The opposition's strategy was equally elaborate. Marc Ecko's team hired their own linguists to testify about the historical usage of "THE," conducted competing consumer studies, and assembled evidence showing that countless businesses had been using the word commercially long before Ohio State's application.
The Hidden Costs
By 2021, legal fees on both sides had exceeded $400,000, with no resolution in sight. Ohio State was paying premium rates for trademark specialists to craft increasingly creative arguments about why a 13th-century English word should belong to a 19th-century American university.
The bureaucratic machinery of trademark opposition had created its own momentum. Each filing triggered counter-filings, expert depositions led to competing expert depositions, and procedural motions spawned additional procedural motions. The case had become a legal Ouroboros, consuming resources to sustain its own existence.
Internal university documents, later leaked to student newspapers, revealed growing concern among administrators about the mounting costs and negative publicity. What had begun as a clever branding strategy was becoming an expensive public relations disaster.
The Quiet Retreat
In June 2022, Ohio State quietly abandoned their trademark application. The university issued a brief statement claiming they had "achieved their objectives" and "successfully protected their brand interests," but legal experts interpreted the withdrawal as an expensive surrender.
The total cost of Ohio State's failed attempt to own "THE" was never officially disclosed, but trademark attorneys familiar with the case estimated the university spent between $500,000 and $750,000 in legal fees, expert witnesses, and administrative costs — all to secure precisely nothing.

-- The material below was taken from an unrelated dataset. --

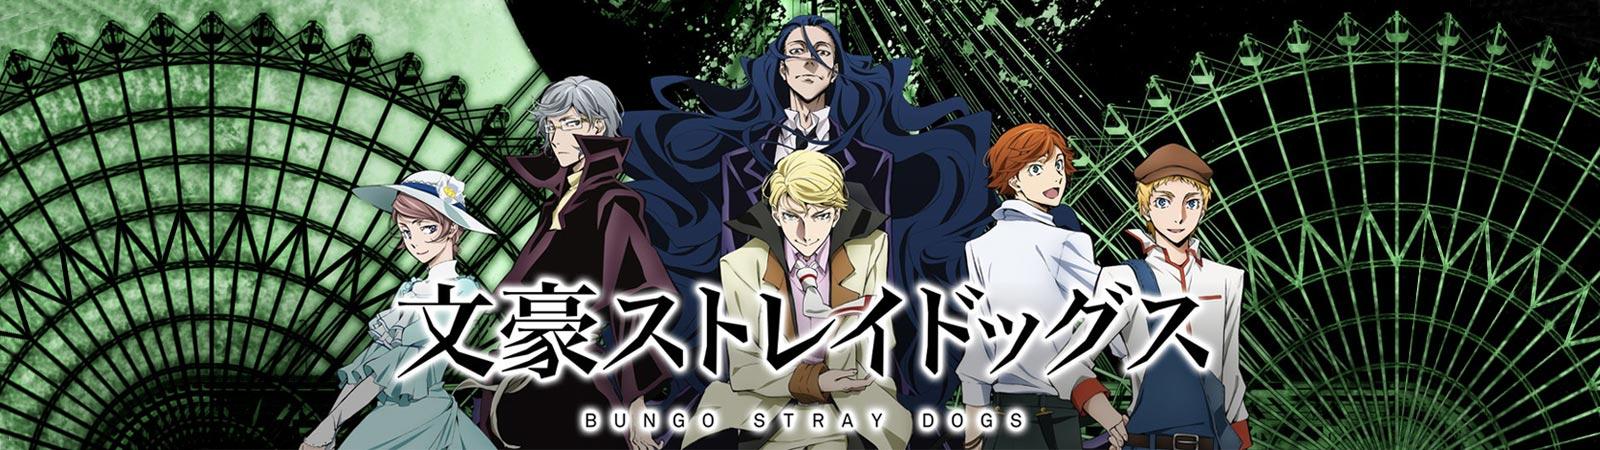 Tập 4 - Bungou Stray Dogs - Season 2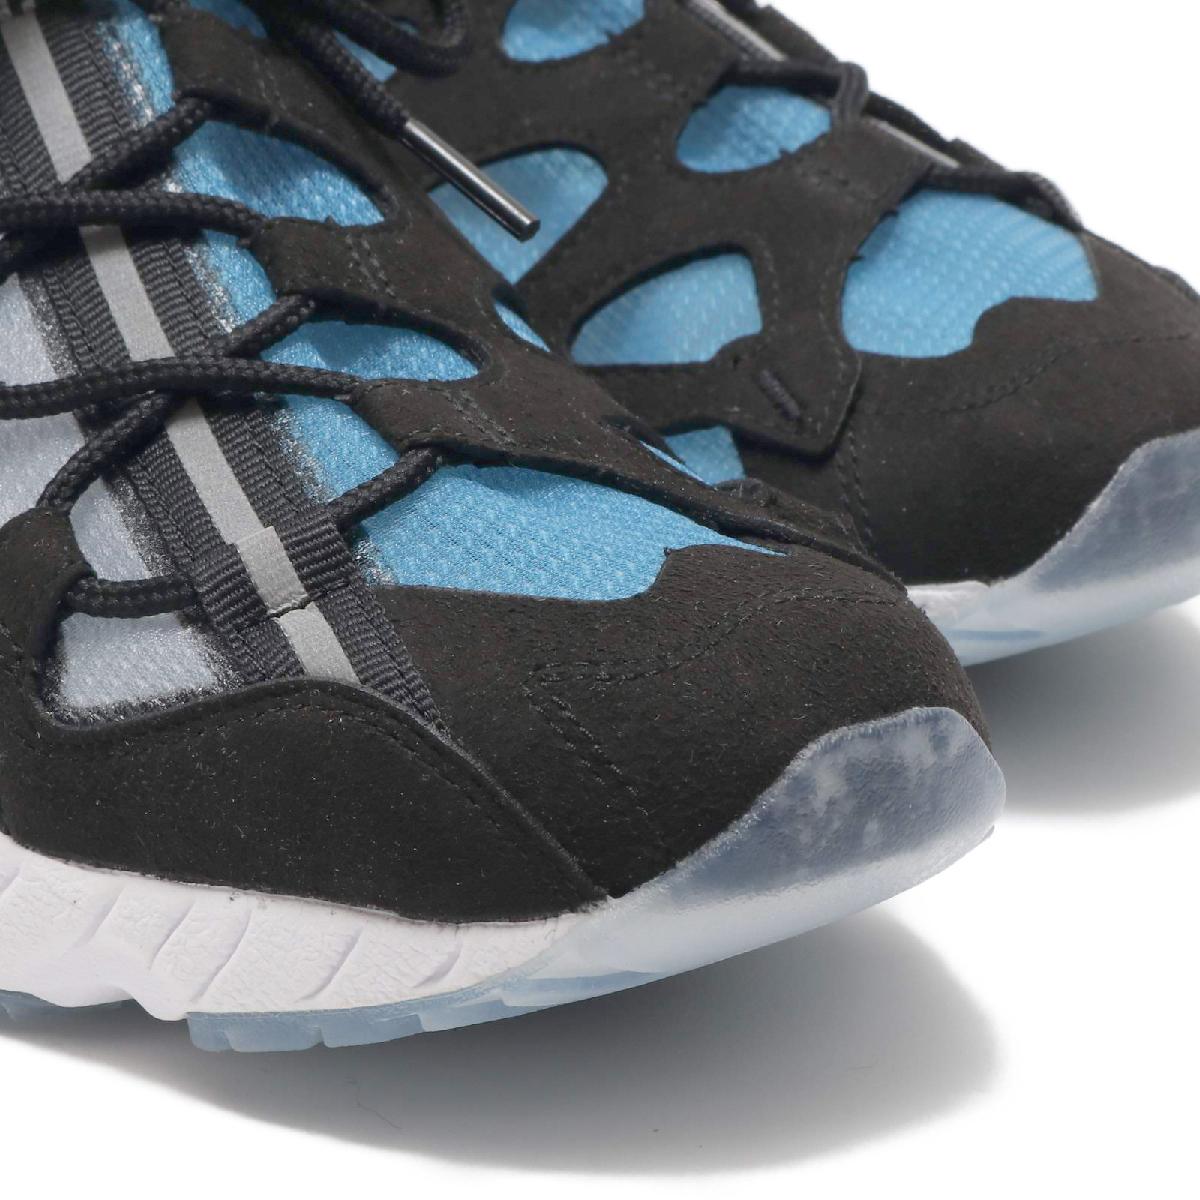 f:id:sneakerscaffetokyo:20190704091312j:plain

Marc Ecko Enterprises, meanwhile, had spent approximately $300,000 defending the English language from corporate appropriation, costs they absorbed as "a necessary investment in linguistic freedom."
Lessons from Linguistic Overreach
The Ohio State "THE" case has become required reading in intellectual property law courses as an example of how trademark strategies can escape rational boundaries. Legal scholars use it to illustrate the difference between protecting legitimate brand interests and attempting to colonize basic human communication.
The case also highlighted how modern branding culture can push institutions toward increasingly absurd claims of ownership over common cultural elements. Ohio State's attempt to trademark "THE" reflected a broader trend of organizations trying to control not just their specific names and logos, but the very language surrounding their identity.
Today, Ohio State continues to emphasize "THE" in their branding, but they do so without legal monopoly over the word. Their merchandise still features oversized definite articles, their students still dramatically stress "THE" when introducing themselves, and the university still generates millions from their linguistic quirk — they just can't prevent anyone else from using the most common word in English.
The great "THE" heist ultimately failed, but it succeeded in demonstrating just how far institutional pride and legal creativity can push the boundaries of common sense.